A philosopher that is clear about what bare life entails is Leon Kass. He describes life at its most basic as a ‘series of preconscious needs.’ From Leon Kass’s book The Hungry Soul (1994):
What moves an organism to feed is not merely the sensed and registered presence or absence of a certain chemical or edible being in its environment but the inner needy state of the organism, for which such an absence is a lack, an absence to be overcome and remedied… The organism would not ‘respond’ to perceived food ‘stimuli’ were it not … ‘appetitive’ being … internally ordered toward the necessary activities of self-nourishing. (Leon Kass, cited in Rubenstein 2009, p. 43)
As the Florida Boy Case illustrates, the organism as a whole retains a preconscious and ‘inner needy state’ for basic appetitive functions. That is, the need for air, hydration and nutrition. This inner state of neediness is met at the threshold of life in ICU, where the organism is not only maintained but even grows, adding to the illusion of recovery.
What and when is death here? It depends on one’s perspective of life.
From an understanding of bare life, the Florida Boy was a biologically living, growing organism with pre-conscious needs and an inner needy state. From the perspective of a living person, the Florida Boy is likely to have died well before his parents projected their hope on to his recovery.
To elucidate further, patients in the UK, who remain comatose and unresponsive and who have made no significant recovery after 12 months from a serious brain injury of this sort, are categorised as being in permanent vegetative state with a statistically improbable chance of recovery (http://patient.info/doctor/vegetative-states).
What is surprising in the Florida Boy Case is how he survived in ICU for 14 years. The ambiguity of his state of existence was probably obscured within the ICU environ. Steps may have been taken to establish how he may have fared without a ventilator, establishing whether or not the boy’s brain had the necessary integrative function to sustain autonomous biological life beyond life support. This throws up another distinction: between bare life in the technological setting of intensive care and the bare life of a deeply brain-damaged individual who may survive for years afterwards with constant care from family and social care professionals.
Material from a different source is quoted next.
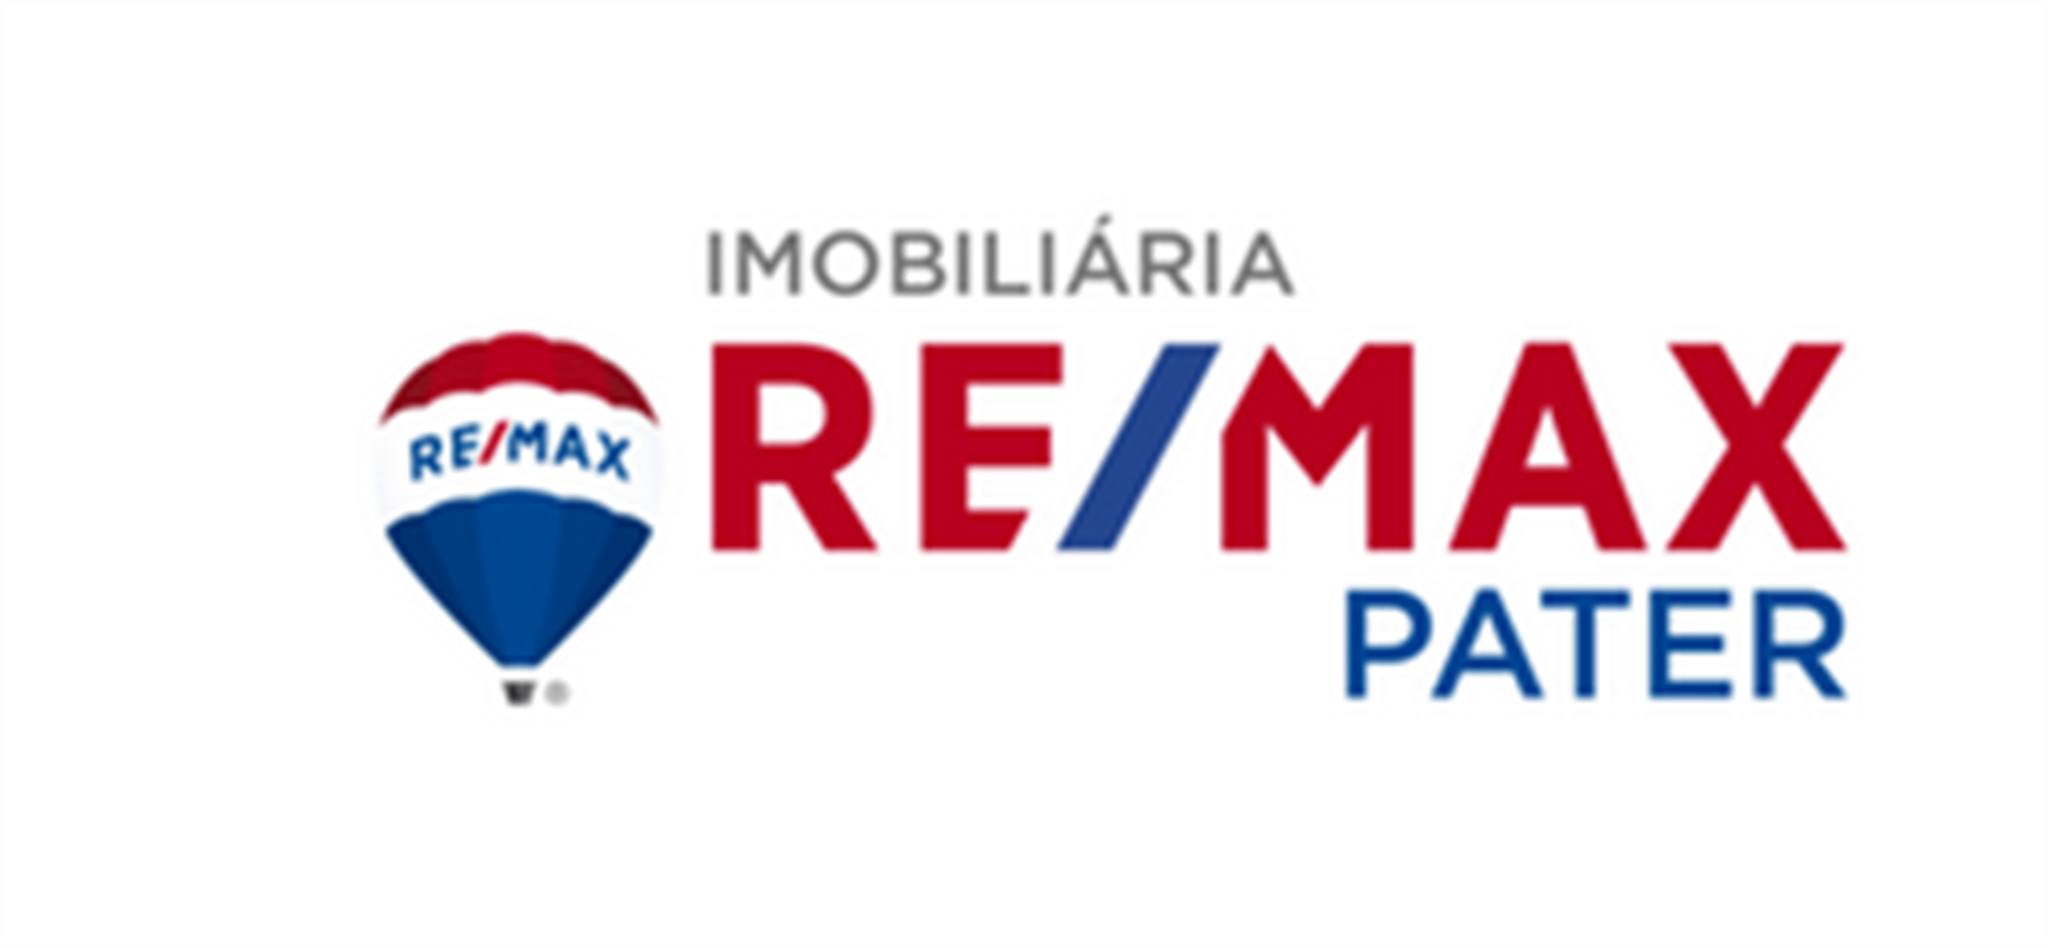 RE/MAX PATER

In the case of bare life the patient can be described as already being in a state of ‘techno-death’, where machines, like ventilators, take over from biological sub-systems that have permanently and irreversibly failed.
Some thinkers regard the neurological standard of whole-brain death to be unnecessarily restrictive (e.g., Green and Wikler 1980). Even if a body could survive technologically unaided, ‘neocortical’ (or ‘higher’ brain) death may have occurred anyway, meaning that what remains is a severely mentally and physically disabled individual whose personhood is barely recognisable.
Personhood is characterised by having the mental capacity to be self-aware, communicate with others, and self-create a meaningful life. Once that is gone it is difficult to relate to that human being in the same way. The person who one may once have known has died, presenting the challenge of forming an altogether different relationship with another being. Again the Florida Boy provides an example: while his autobiographical life as a person was over, destroying who he had been, his biographical life was sustained through the narratives of hope his family harboured in his recovery.